What I love about this type of budget is that it really can work where other budgets have failed. It is easy to use and is not as stringent as other budgets, which is why it works better for many.

The 50/30/20 budget is where you look at your income (after taxes) and make sure that no more than 50% goes towards paying your fixed expenses; 30% of your income is used towards discretionary spending and an additional 20% is saved. Sounds pretty easy, doesn’t it? Let me show you the practical application of putting this rule into place.

The 50/30/20 Budget at Work

Let’s say that your take-home pay is $3,000 every month. Here is what your budget might look like. (Keep in mind, this budget does not include each and every item that your family pays for, including charitable donations, additional vehicle payments, hobbies, etc.
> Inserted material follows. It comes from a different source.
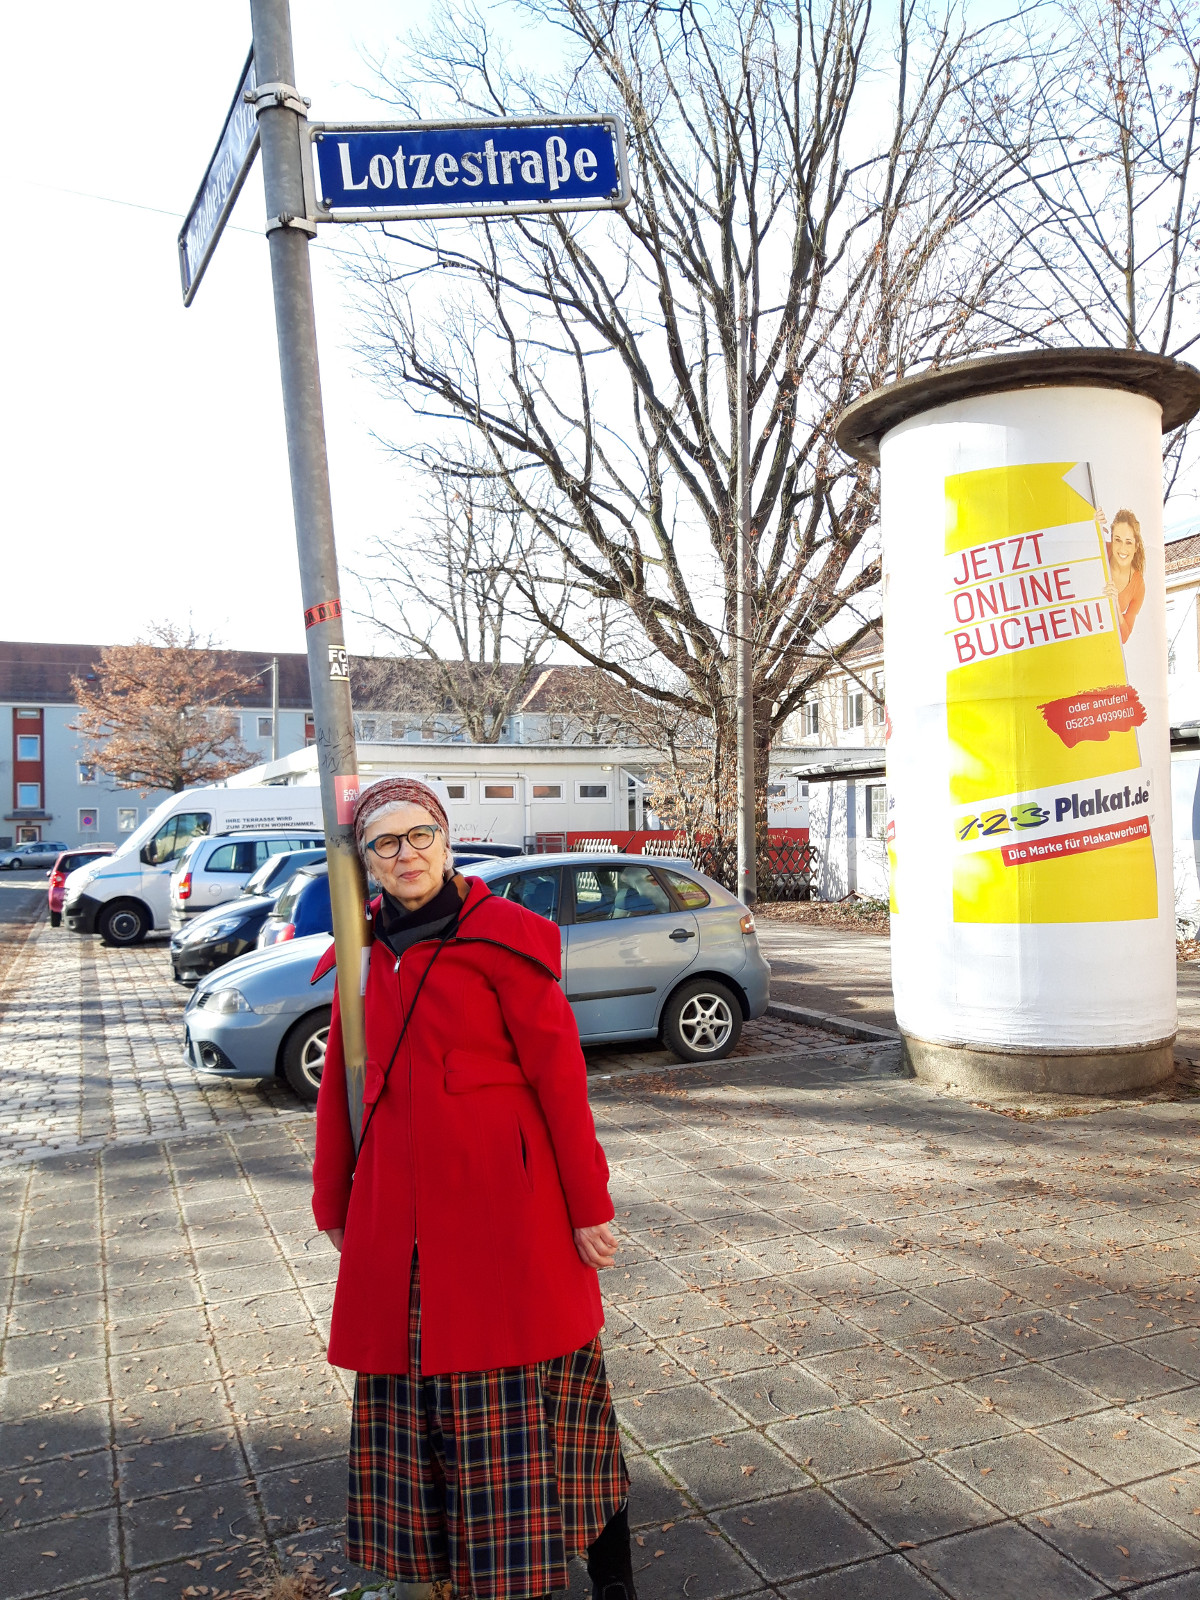 2021-04-30-02-31-22-6Geli_in_Lotzestrasse.jpg - Atelier Haberbosch Nürnberg

It was kept very short and sweet to make it easy to follow).

Fixed expenses

Mortgage/Rent = $875
Phone = $75
Utilities = $200
Vehicle insurance = $85
Vehicle payment = $200
Credit card bills = $50

Total = $1,485 (49.5% of budget)

Discretionary spending

Groceries = $600
Auto fuel = $150
Restaurants = $75
Clothing = $75
Entertainment = $50
Haircuts = $25

Total = $975 (32.5% of budget)


Retirement savings = $200
College savings = $165
General savings fund = $200

Total = $565 (19% of budget)

As you can see from this example, fixed expenses and savings are a bit less than the desired percentages and discretionary is higher — but they are close to those amounts.

What is great about this type of budget is that you can change the percentages to make them work for you. So, if you need to set 60% for fixed and 15% for savings, that leaves 25% for discretionary spending.

Those who seem to do better with this type of budget are people who do not have a regular income. For instance, it may be useful if you’re paid an hourly rate with a fluctuating schedule or have commission-driven income. This budget is also not as specific when it comes to amounts to spend.

Should you use this budget?

If you are trying to get out of debt, I really would not recommend this type of budget. You need to see exactly where every single penny goes each month so you know what you can put towards paying off your debts. (Remember, high amounts of debt can hurt your credit scores. You can see how your debts may be affecting your standing by viewing your free credit scores, updated every 14 days, on Credit.com.)

Instead, I would use the 50/30/20 Rule if you are debt-free and really do spend more than the same amounts on discretionary items every single month.